[p]beale12.4
[s]
pos: 16 44.759s 177 32.787e
Date: 18/09/2017 08:30gmt+12:00
A Bay with no name, north of Yasawa Island resort. A long crescent of pristine sand, fringed by coconut palms still laden with fruit. Sand shelving down gracefully to 6m depth and a perfect anchorage. No houses, bures, shacks, no other boats except us and Mahia.
A clear blue sky, water so clear you can see the sand ripples on the bottom, a gentle trade wind breeze, a big empty horizon to the west, and as the perfect day fades gently to evening, watching the sun set in a golden glow.
This is, for me, a new candidate for the best beach in the world.
We have left Blue Lagoon, left the track of the Yasawa Flyer and the Reef Princess and the other fast people carriers, and have returned a little to the sense of exploration and adventure we had across East.
It's easy to imagine an almost empty Yasawa Island chain; before the Fijians started sprinkling their western Islands with the resorts and the dive centres and the fast ferries and the floatplanes.
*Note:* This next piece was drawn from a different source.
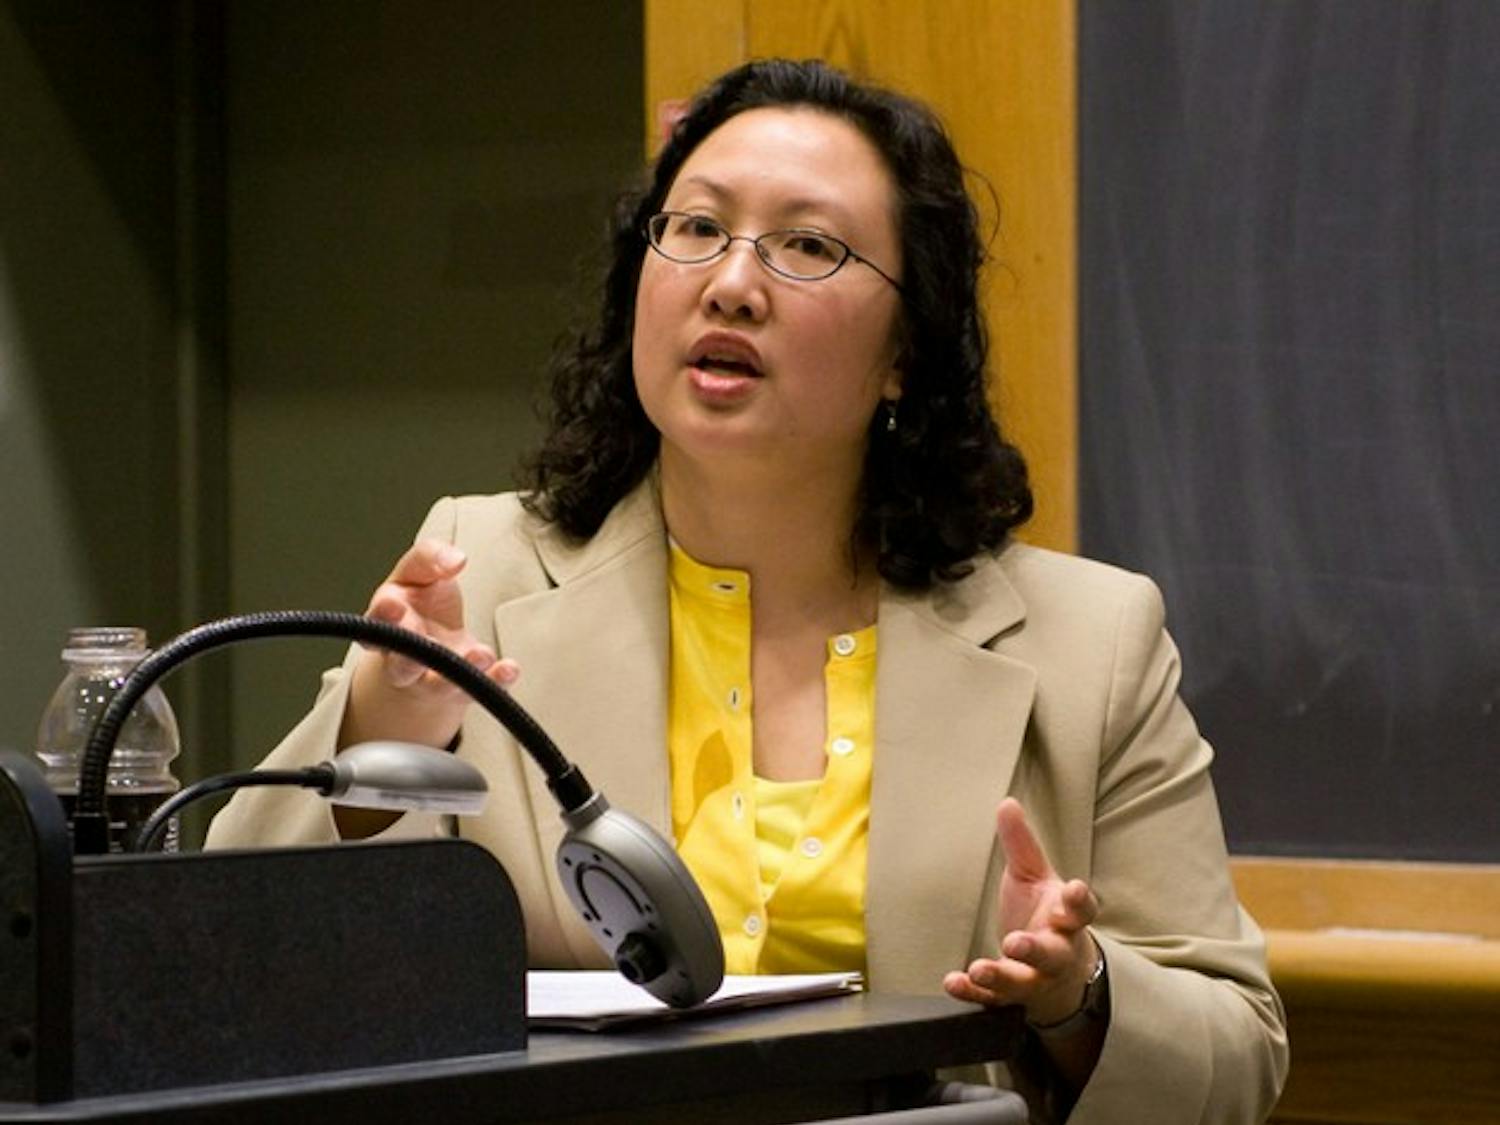 Anna Hui, the first Asian American Associate Deputy Secretary of Labor, encouraged students to explore different careers in a lecture on Monday.

I'm not knocking the way it is now, it is jobs and it is sharing with lots of people and it is lovely. But the almost emptiness here is lovely in a different way, and we are really enjoying another taste of that before we prepare to return home.
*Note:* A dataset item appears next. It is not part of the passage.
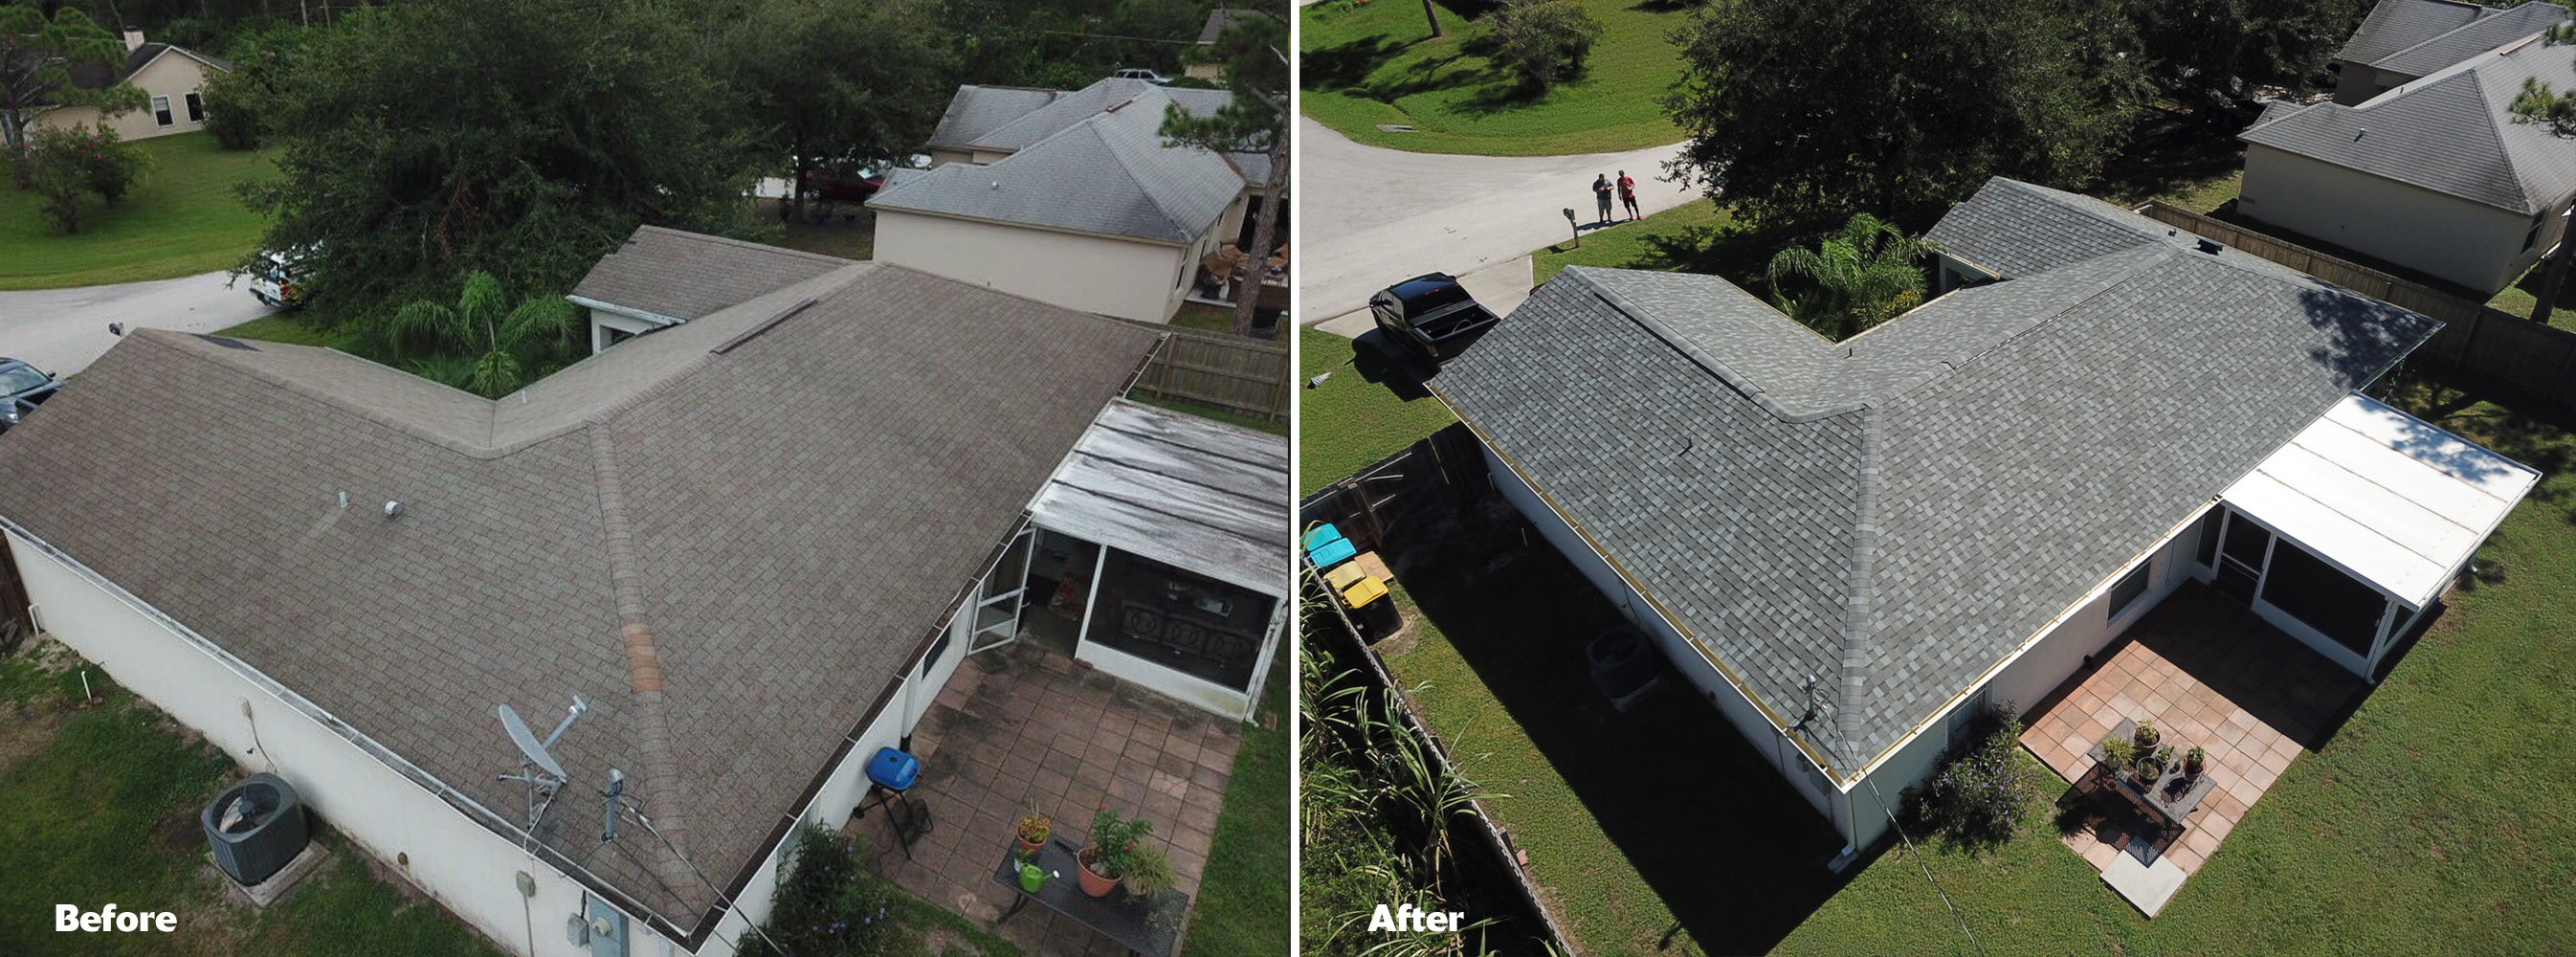 Langford roof - before and after

Late September and New Zealand is beginning to beckon. Back to flat whites and schedules and clean bright supermarkets and family and good times and jobs and rain.
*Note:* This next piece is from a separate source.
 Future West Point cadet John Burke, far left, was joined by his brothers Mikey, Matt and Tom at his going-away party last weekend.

We only have very intermittent cell phone coverage here in the north on the Yasawa Island chain, kind of symbolic of being near but just out of the beaten track here.
As usual, I swam a lap or two of the boat at 6:30 this morning. A crisp 26 degree water temperature is a lovely way to start the day.
Tropical winters are exceptionally good for your spirits; I recommend them highly.